+++ Information shown
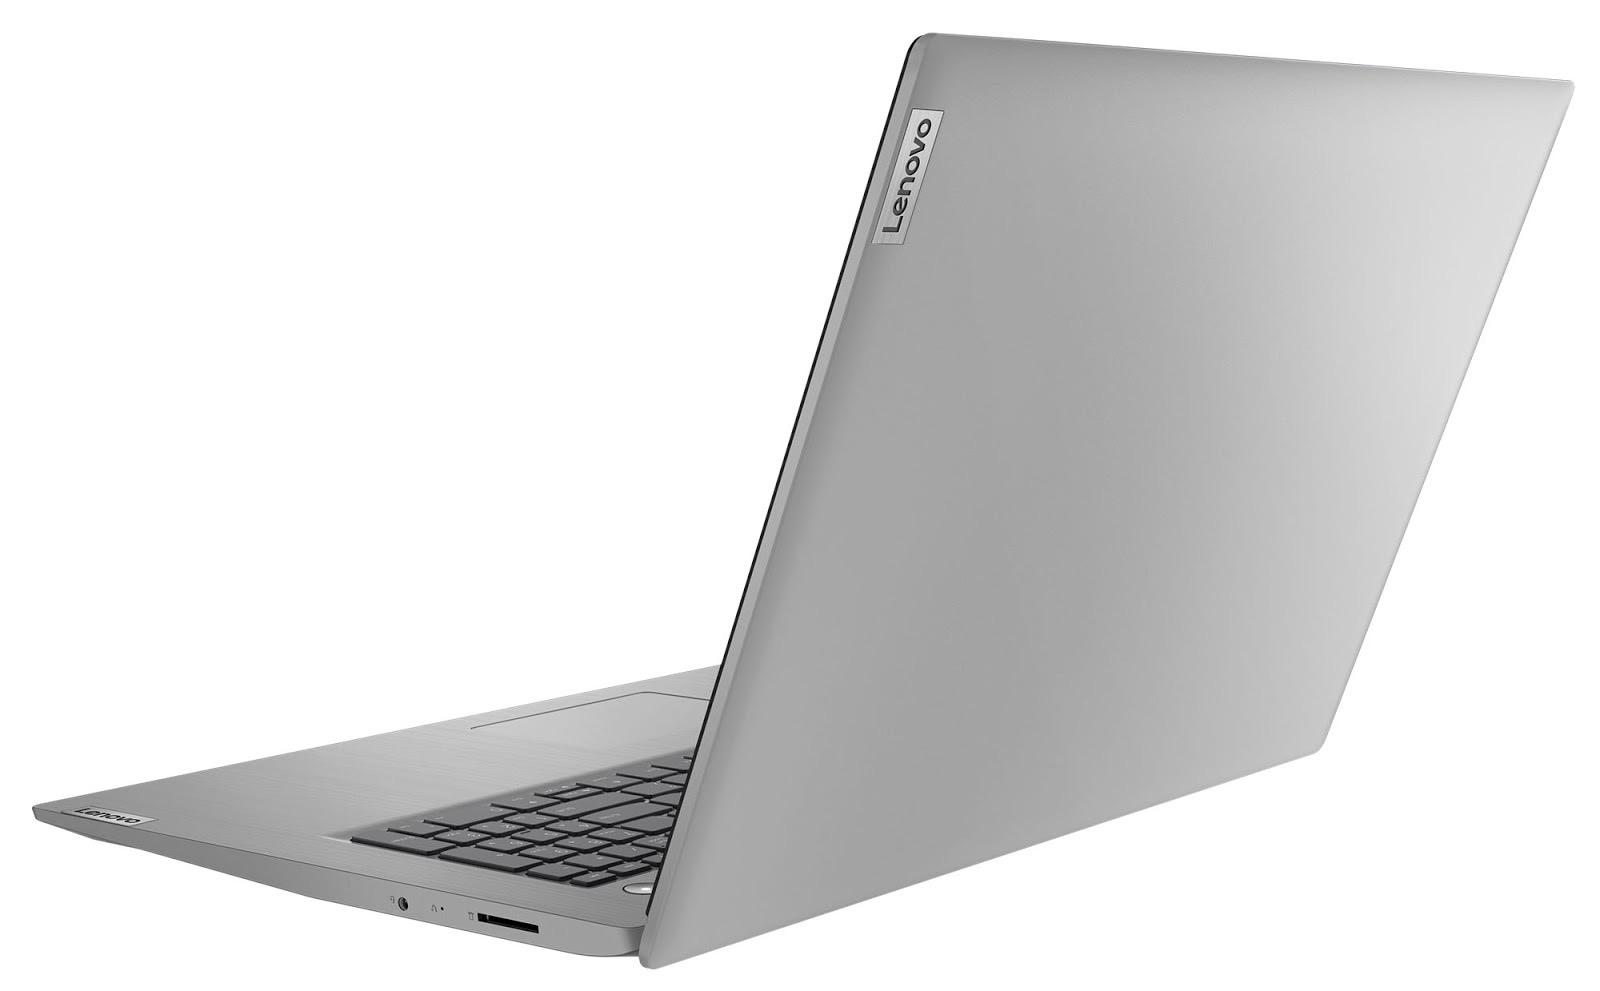 Фото 1. Ноутбук Lenovo ideapad 3 17IML05 Platinum Grey (81WC009MRE)
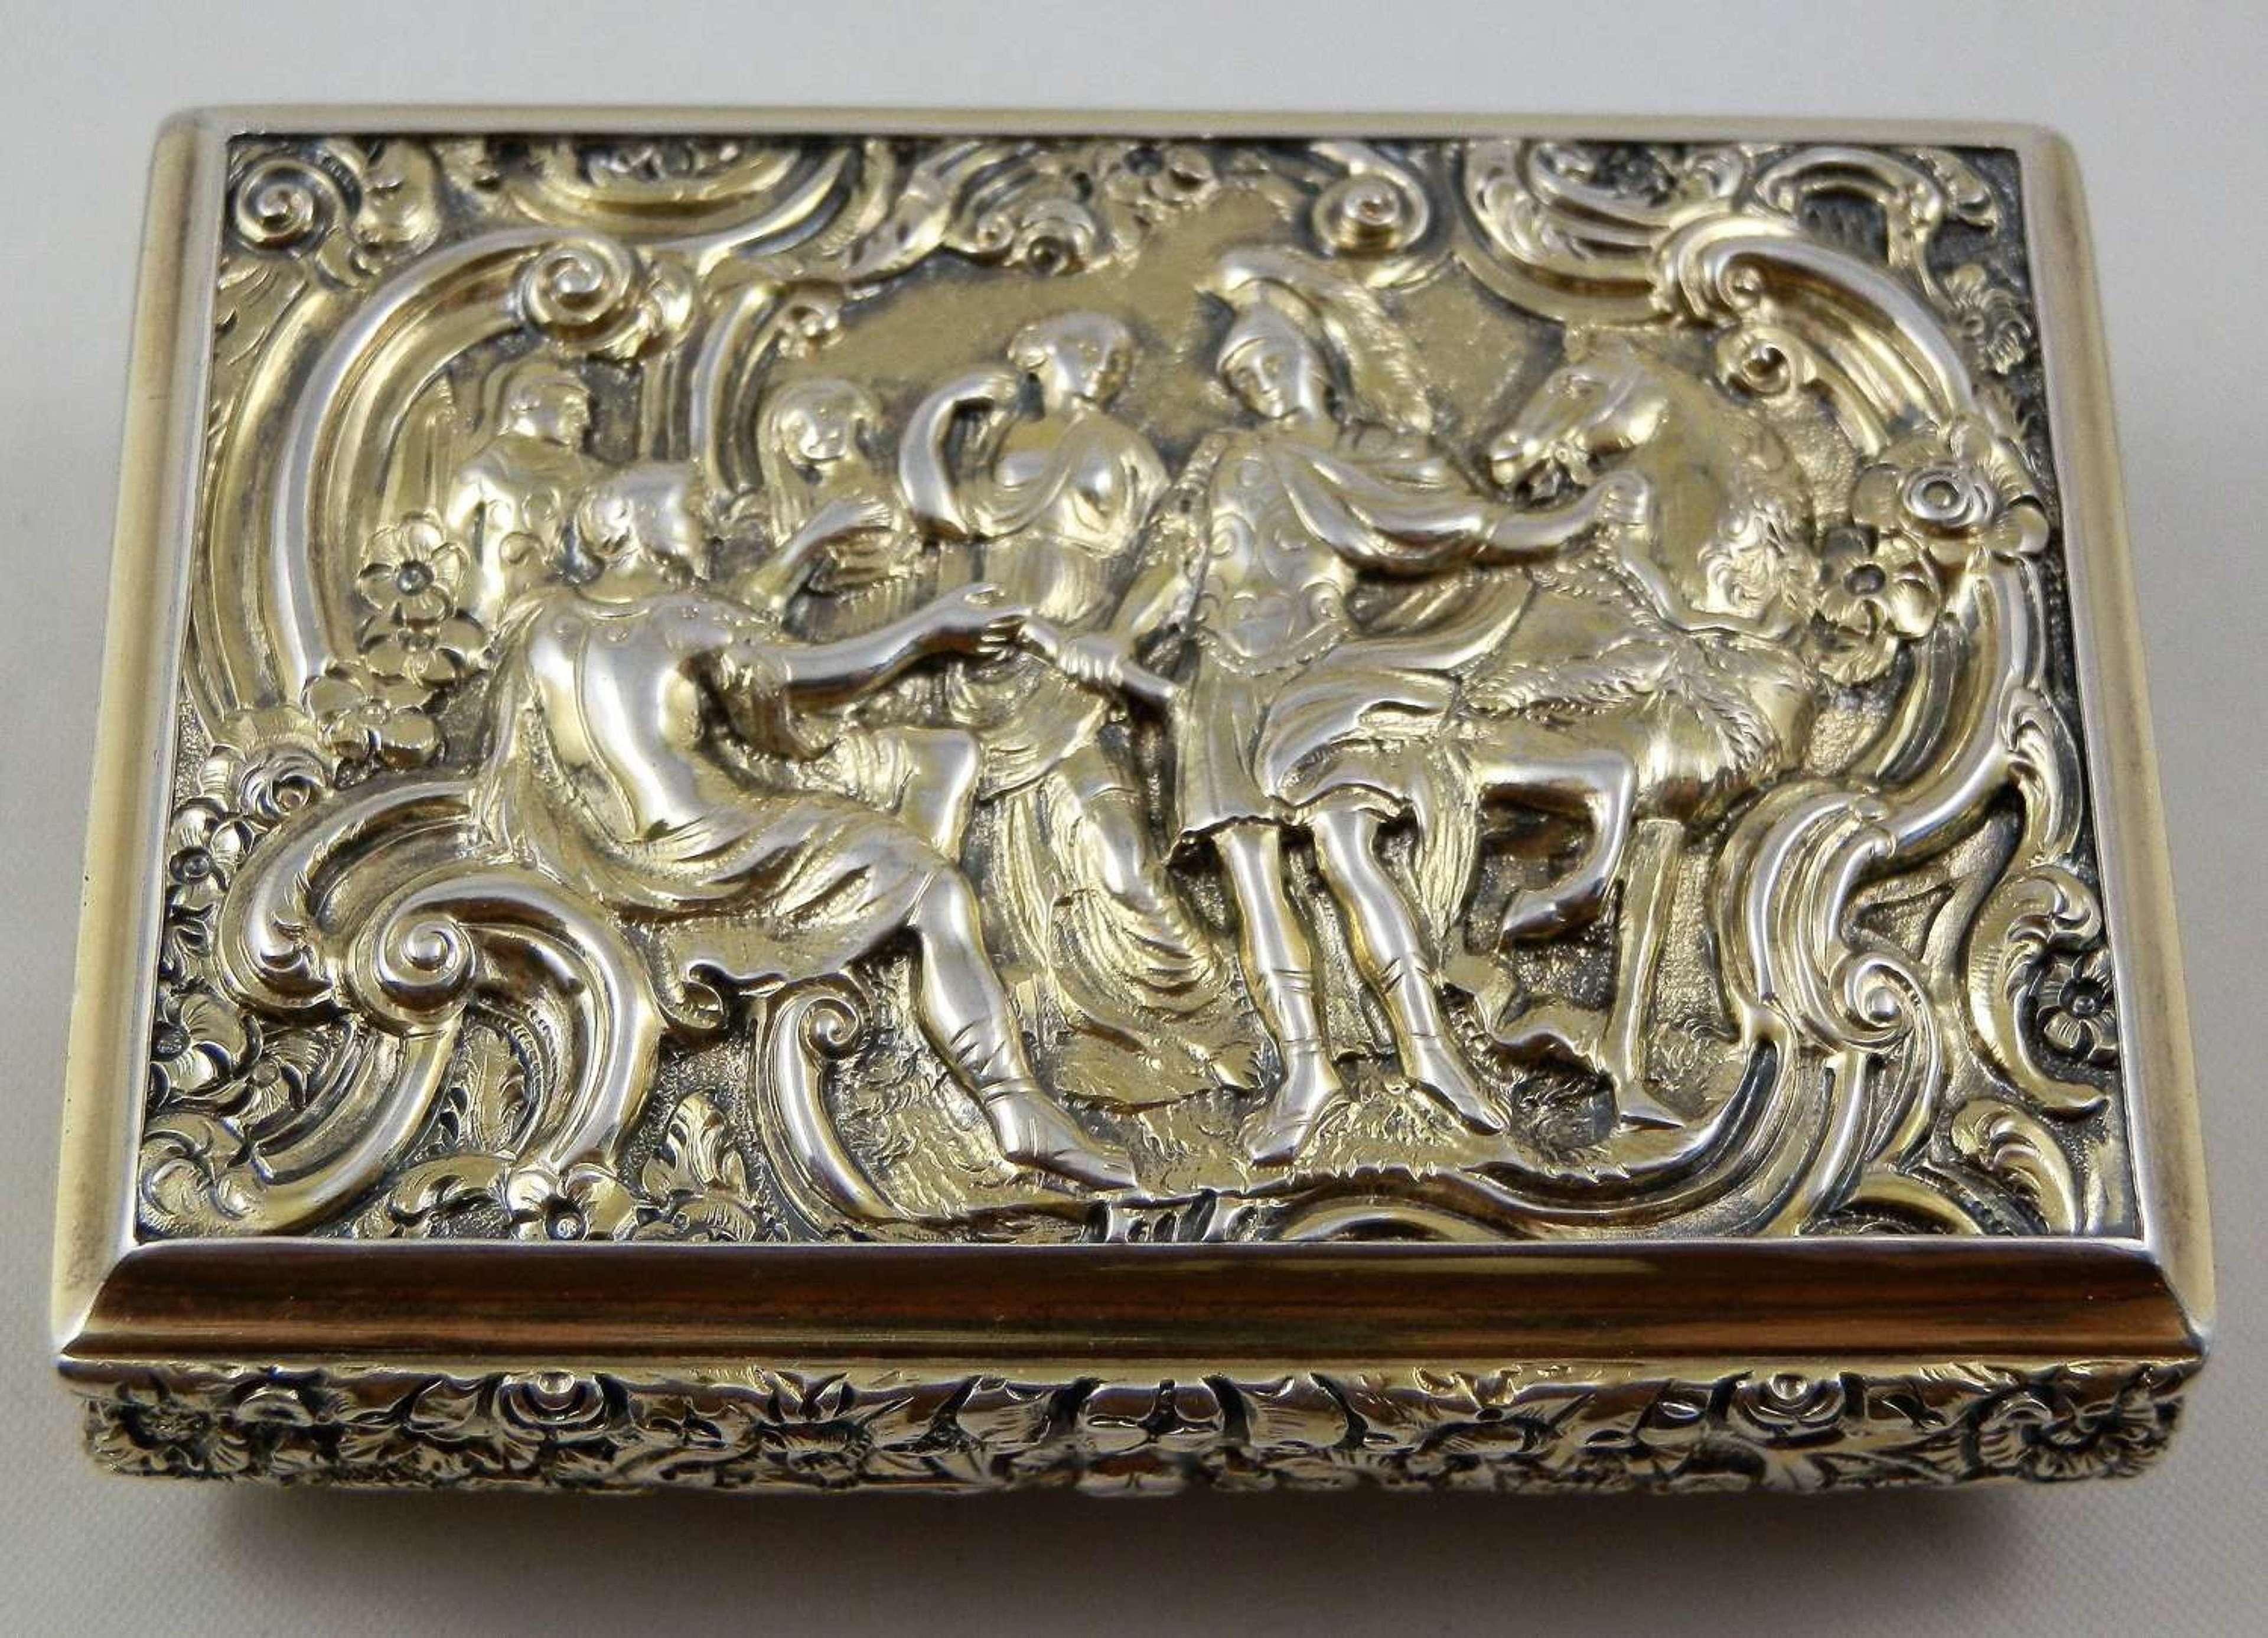 A George IV silver gilt table snuff box, Thomas Shaw, 1827
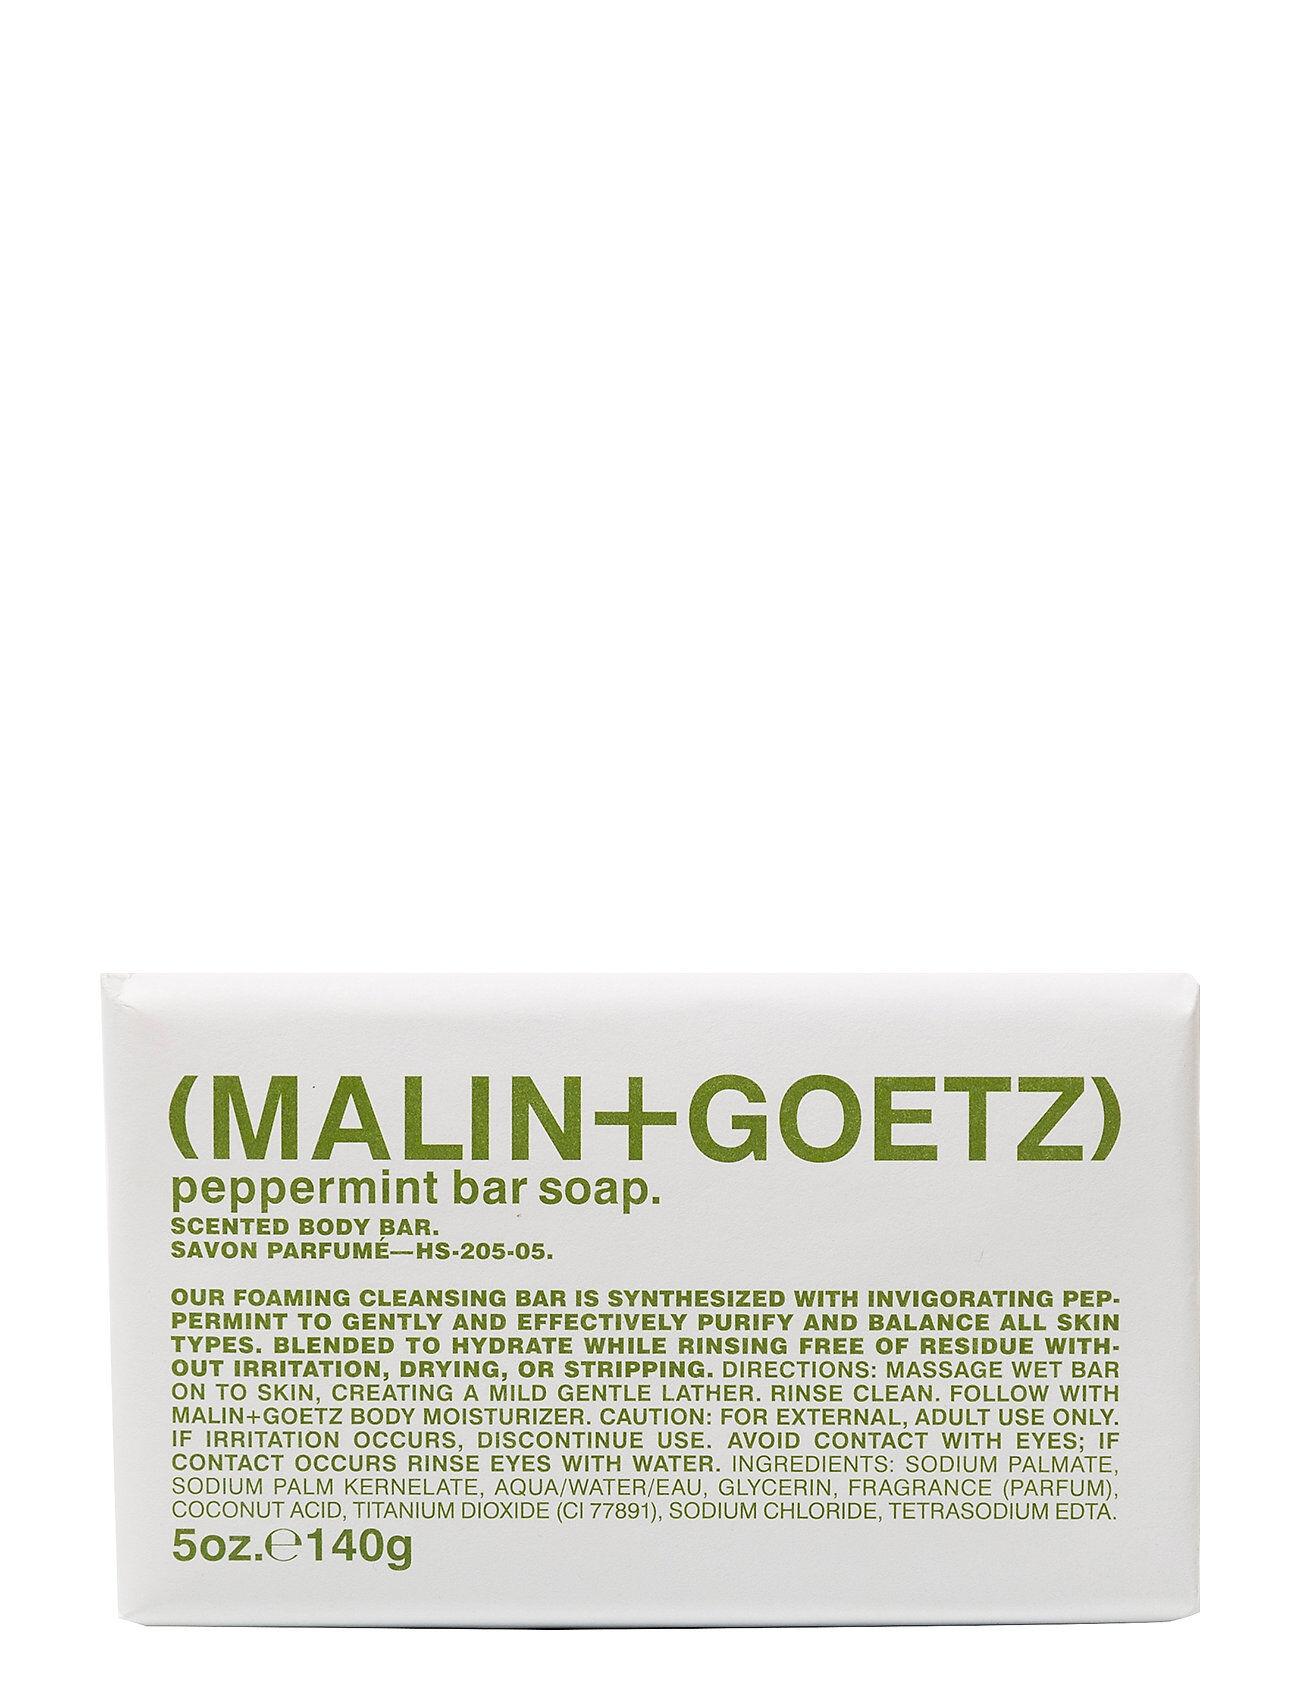 MALIN+GOETZ Peppermint Bar Soap Suihkugeeli Nude MALIN+GOETZ
++++++
**What this task involves**
Please print all the lines above exactly as given and leave out every picture.

**Output below**
 Фото 1. Ноутбук Lenovo ideapad 3 17IML05 Platinum Grey (81WC009MRE)
 A George IV silver gilt table snuff box, Thomas Shaw, 1827
 MALIN+GOETZ Peppermint Bar Soap Suihkugeeli Nude MALIN+GOETZ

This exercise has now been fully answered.